I have to do this exercise:
Given an abelian Lie algebra $\mathfrak{h}$ on an algebraically closed field $\mathbb{F}$. Let $ \varphi : \mathfrak{h} \to \text{End}_{\mathbb{F}}(V) $ be a representation over the finite dimensional vector space $V$ over $\mathbb{F}$. For every $\lambda \in \mathfrak{h}^*= \text{Hom}_{\mathbb{F}}(\mathfrak{h}, \mathbb{F})$ define \begin{gather} V_\lambda =\{ v \in V | \varphi(h)v=\lambda(h)v, \forall h\in \mathfrak{h} \} \end{gather} Prove that $V= \bigoplus_{\lambda \in \mathfrak{h}^*}V_\lambda$.
I think that this statement isn't true, indeed pick \begin{gather} A=\begin{pmatrix} 1&1\\0&1 \end{pmatrix} \end{gather} and let $\mathfrak{h}=\langle A \rangle$ be the set of all $cA$ with $c \in \mathbb{F}$, then $\mathfrak{h}$ acts naturally on $\mathbb{F}$ and the existence of such a decomposition would imply that $A$ is diagonalizable, which isn't. Am I right?

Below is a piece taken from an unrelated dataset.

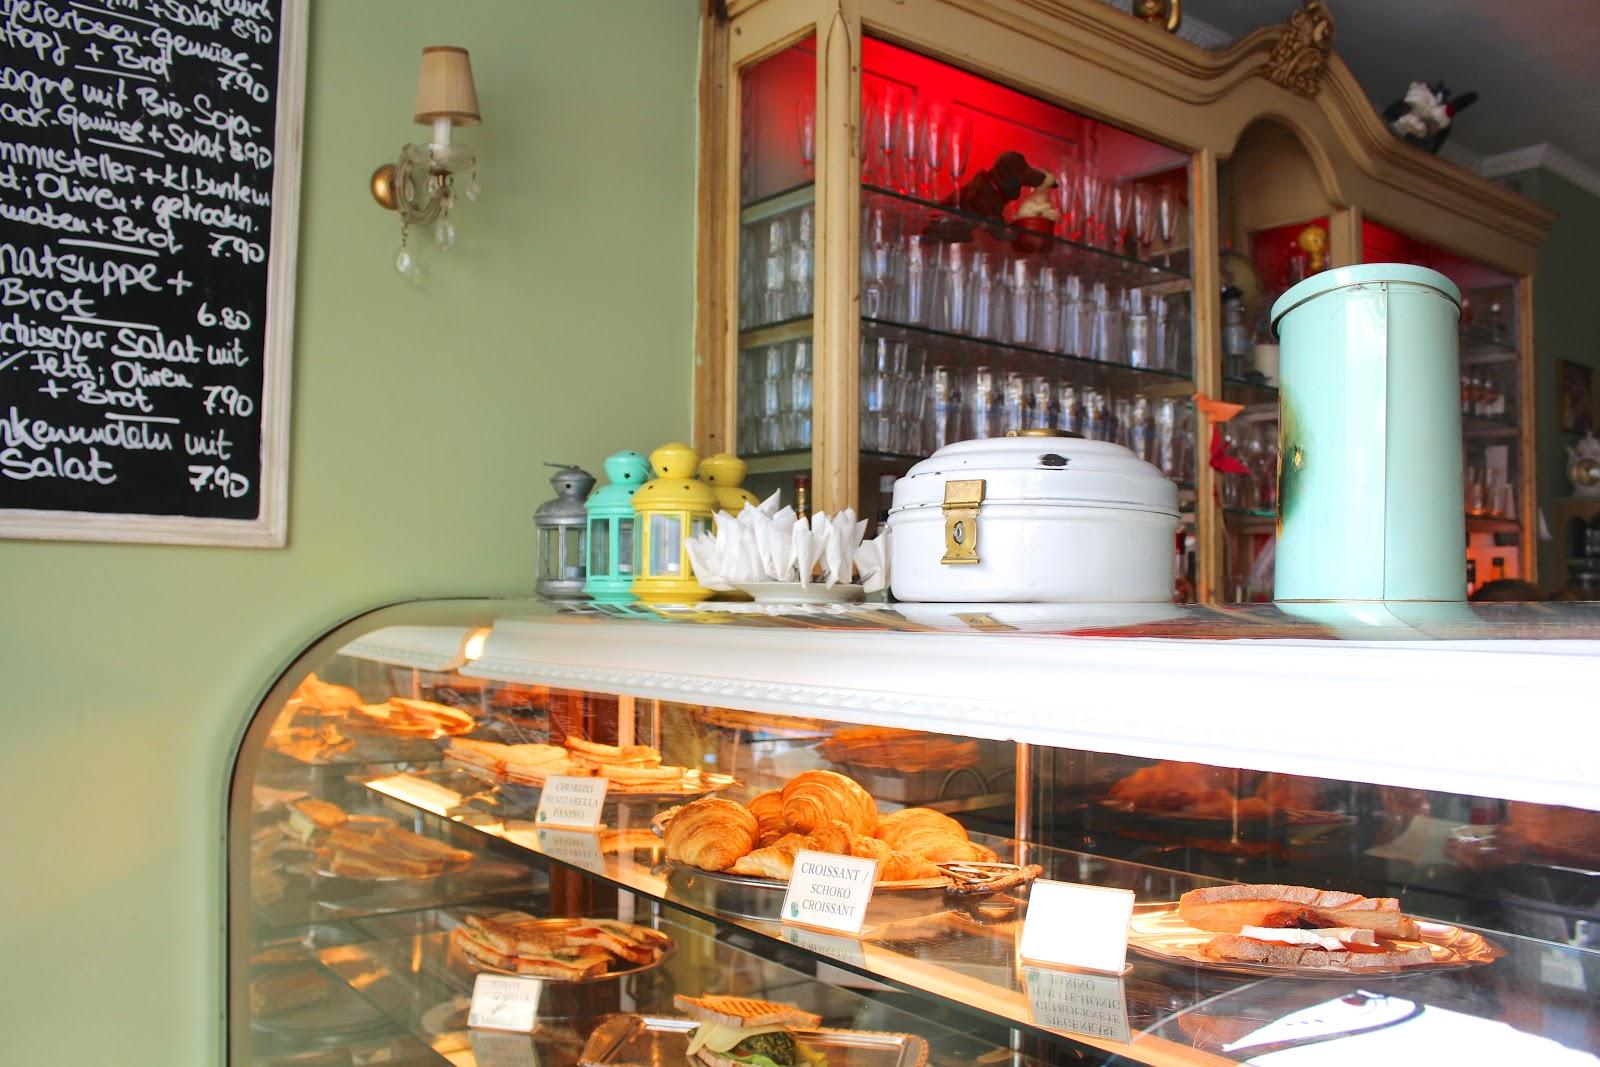 Hoover & Floyd brunch frühstück menu München
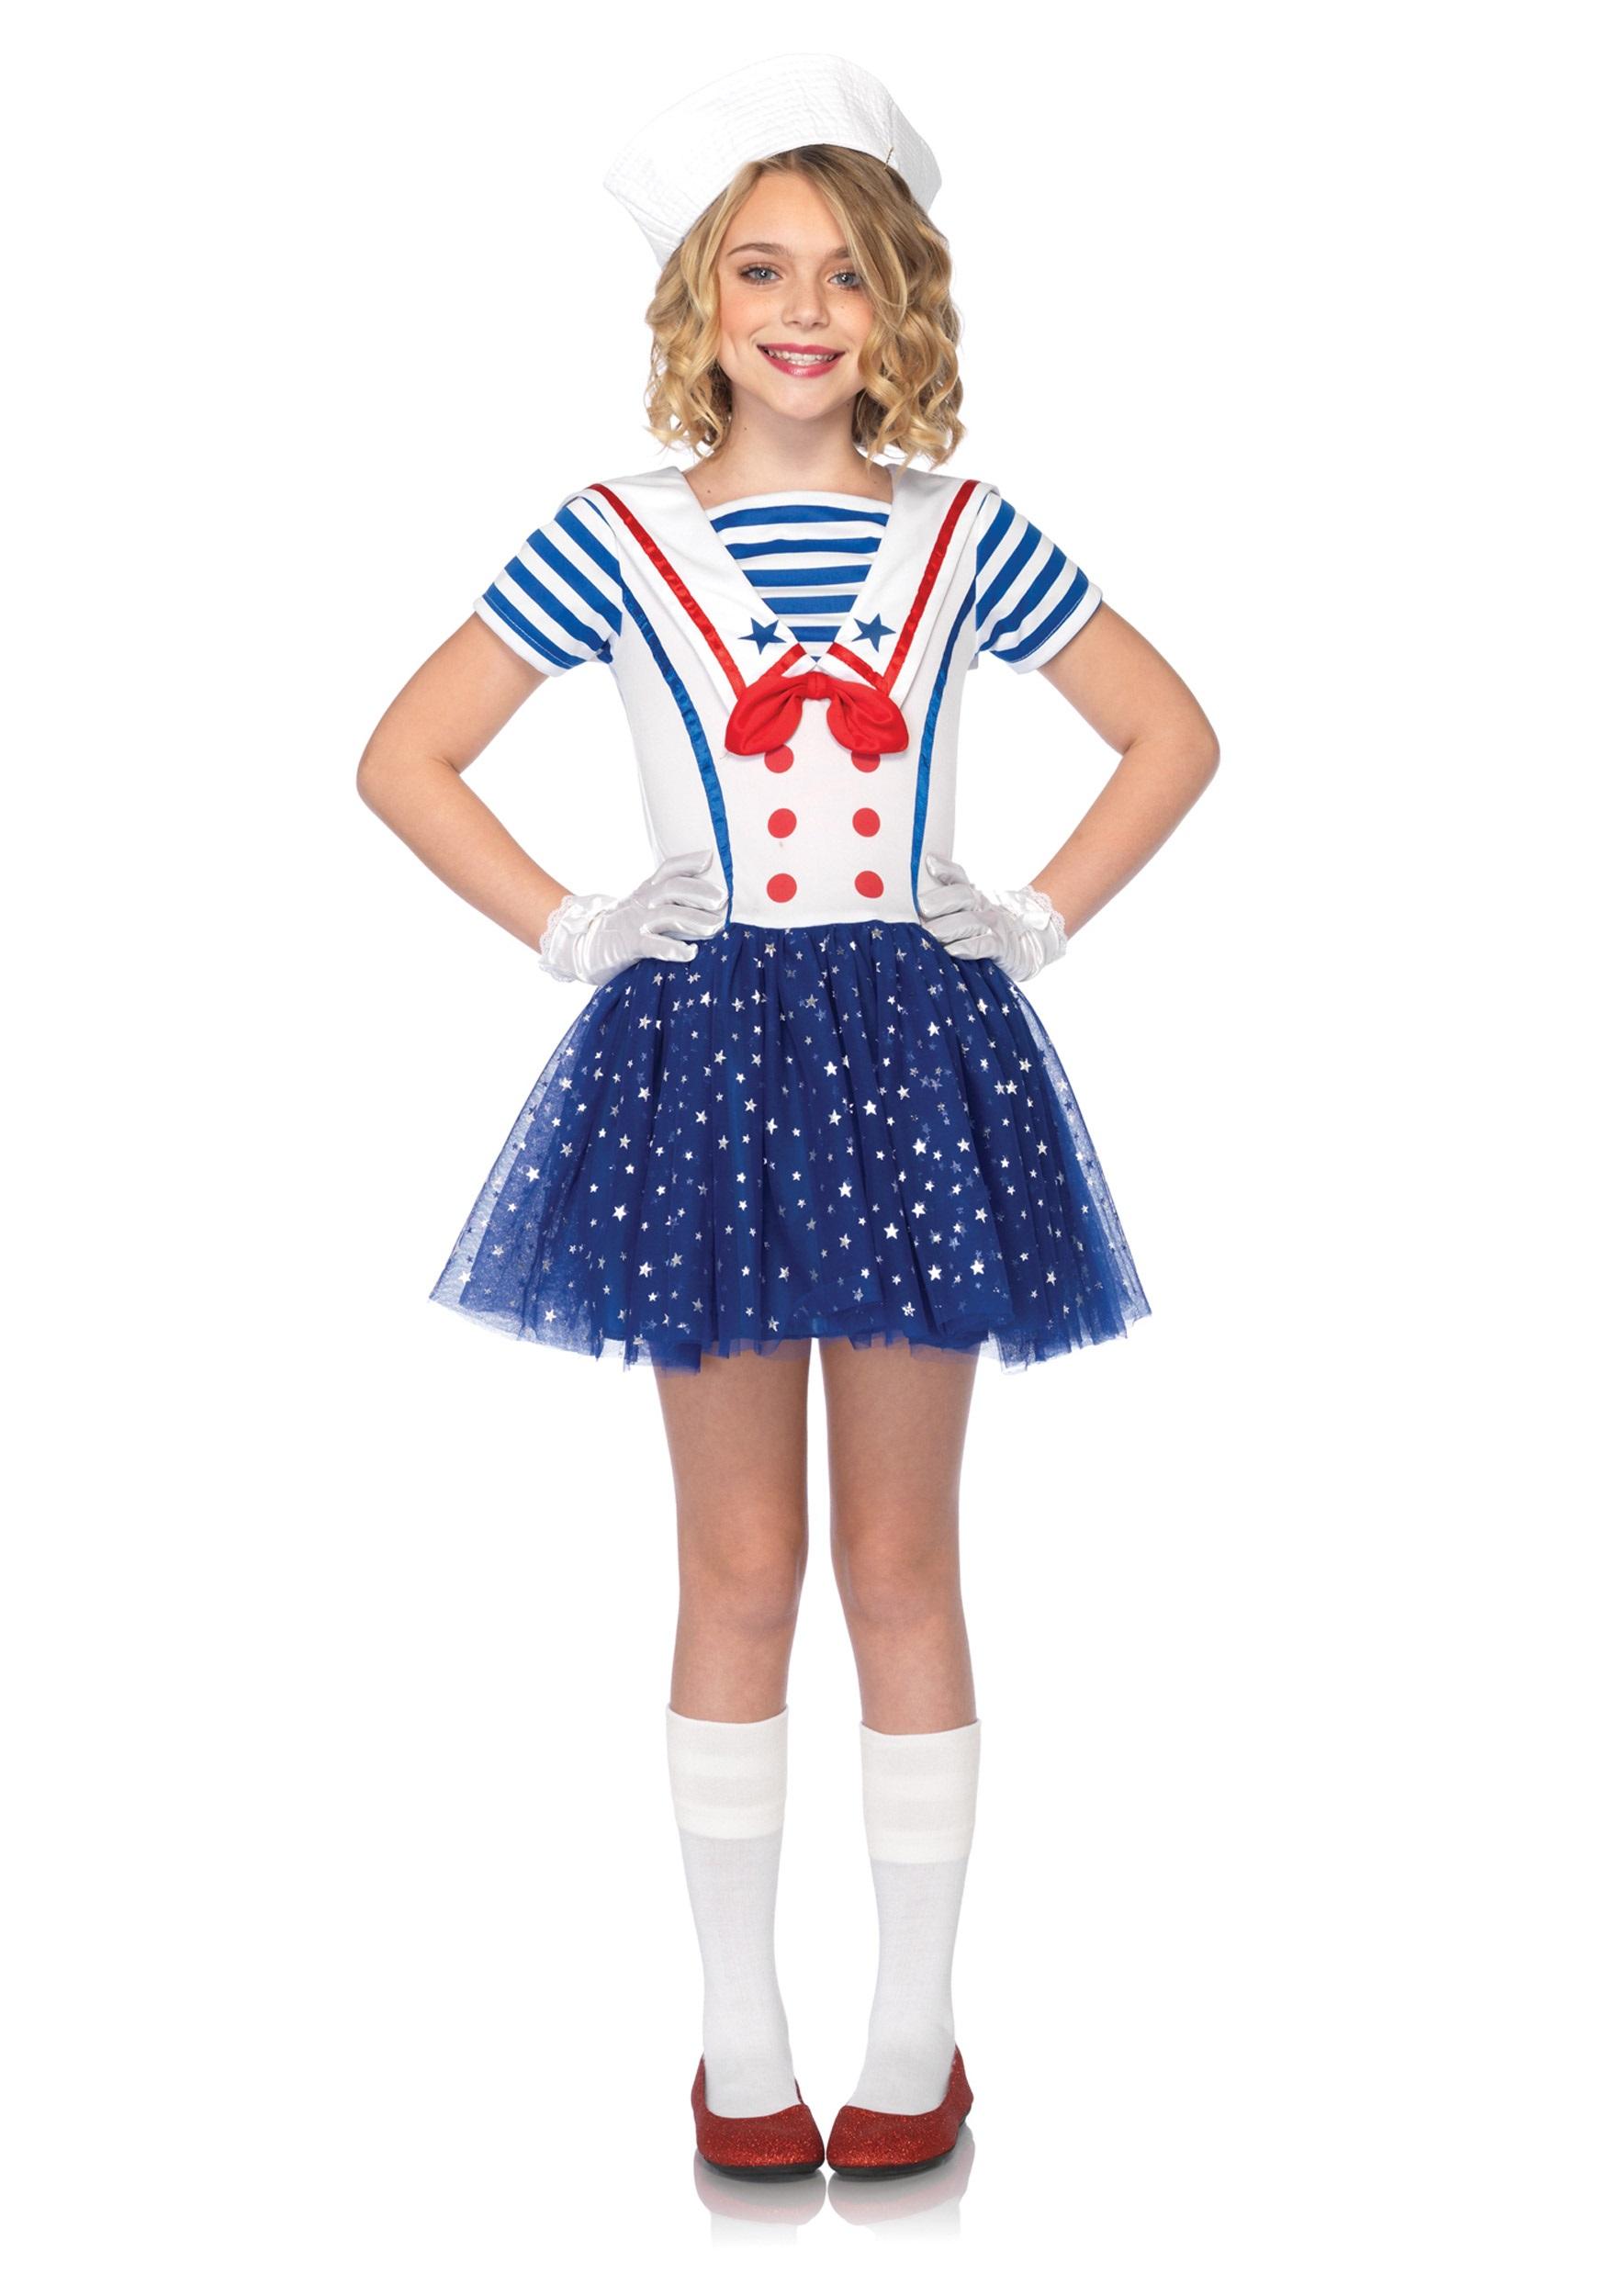 Sailor Costumes & Navy Officer Uniforms - HalloweenCostumes.com

Such decomposition of $V$ into weight spaces $V_\lambda$ is a possible under some additional assumption. For example, it holds if $\mathfrak{h}$ is a Cartan subalgebra of a semisimple Lie algebra $\mathfrak{g}$, but in this case, there is no such semisimple $\mathfrak{g}$. Indeed, the canonic representation $F^2$ (if this is what you mean) of your $\mathfrak{h}$ is not completely reducible.